Event

MVR Journal Club

Wednesday, February 18, 2009 13:00to14:00

This Wednesday, Dr Nadja Schinkel-Bielefeld, from the Department of Brain and Cognitive Sciences, MIT will give a presentation titled: " Connections Underlying Human Contour Integration are Adapted to Natural Image Statistics" (abstract below). Dr Schinkel-Beilefeld is an invited speaker, who is being hosted by Dr Kathy Mullen

Where: Royal Victoria Hospital, Room H4-14

When: Wednesday, 18th of February 2009, 1PM

Abstract:Humans are very efficient in detecting even jittered or partly occluded contours. But which mechanisms are capable of explaining this ability?

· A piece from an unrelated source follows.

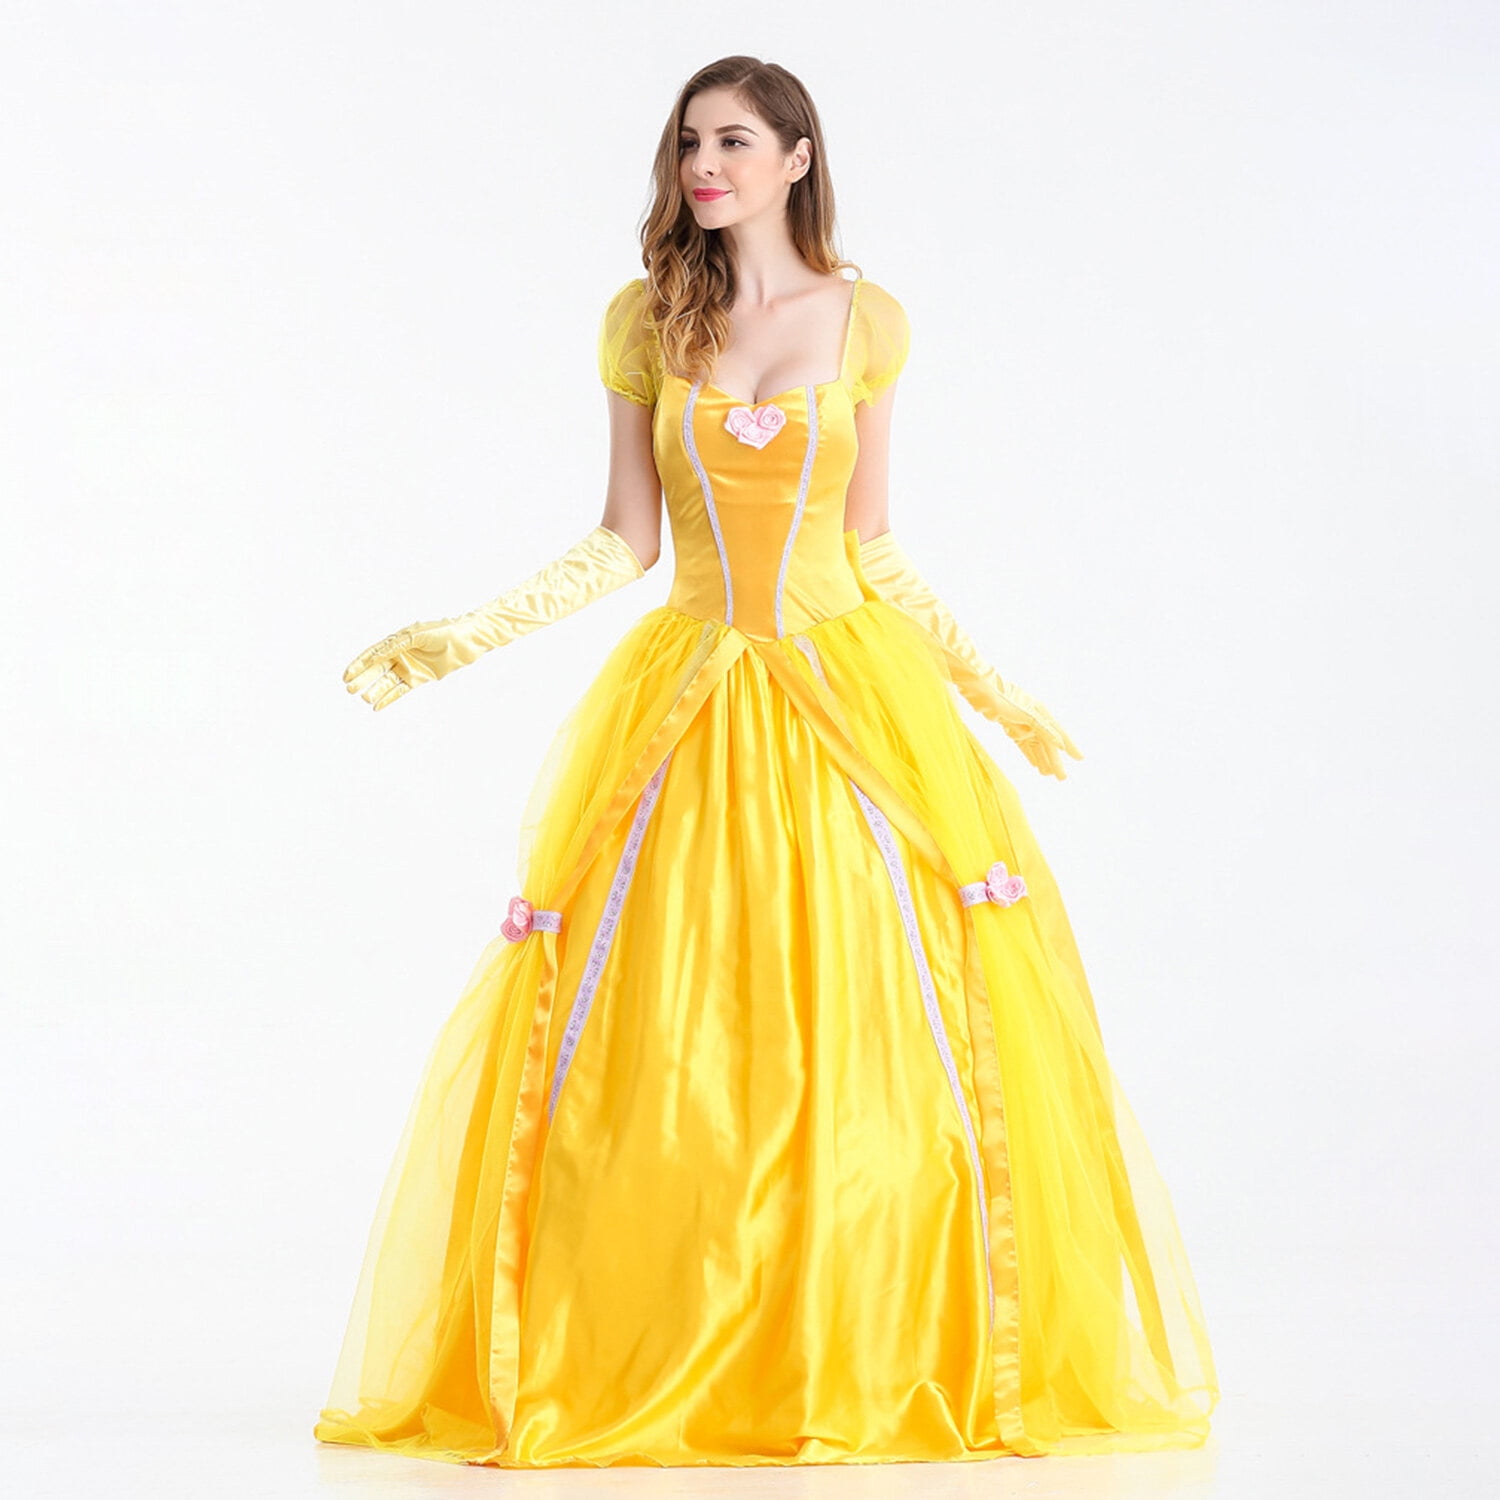 Princess Beauty Costume for Women , Girl Princess Belle Dress up Ball ...

A large class of contour integration models employs a so-called association field (AF), which reflects the connection structure between neuronal units representing different edge elements, for linking localized edges to a global contour. Here we investigate systematically how such an AF should be constructed to explain psychophysical contour detection data, combining ideas from theory, experiment and natural image statistics. We tested AFs of different symmetry and geometry in a Bayesian contour integration model, comparing it to human contour detection. Our psychophysical experiments revealed that correlations between human decisions are much higher than expected from their detection performances alone. This suggests that different humans make identical errors, voting for the same illusory contours in the stimulus. Hence we require our contour integration model not only to reach human performance, but also to reproduce these correlations and their characteristic time course. From all the AF choices we explored, a connection structure extracted from natural image statistics explains human contour integration best. From this we conclude that the human visual system is optimized for recognizing contours in natural images.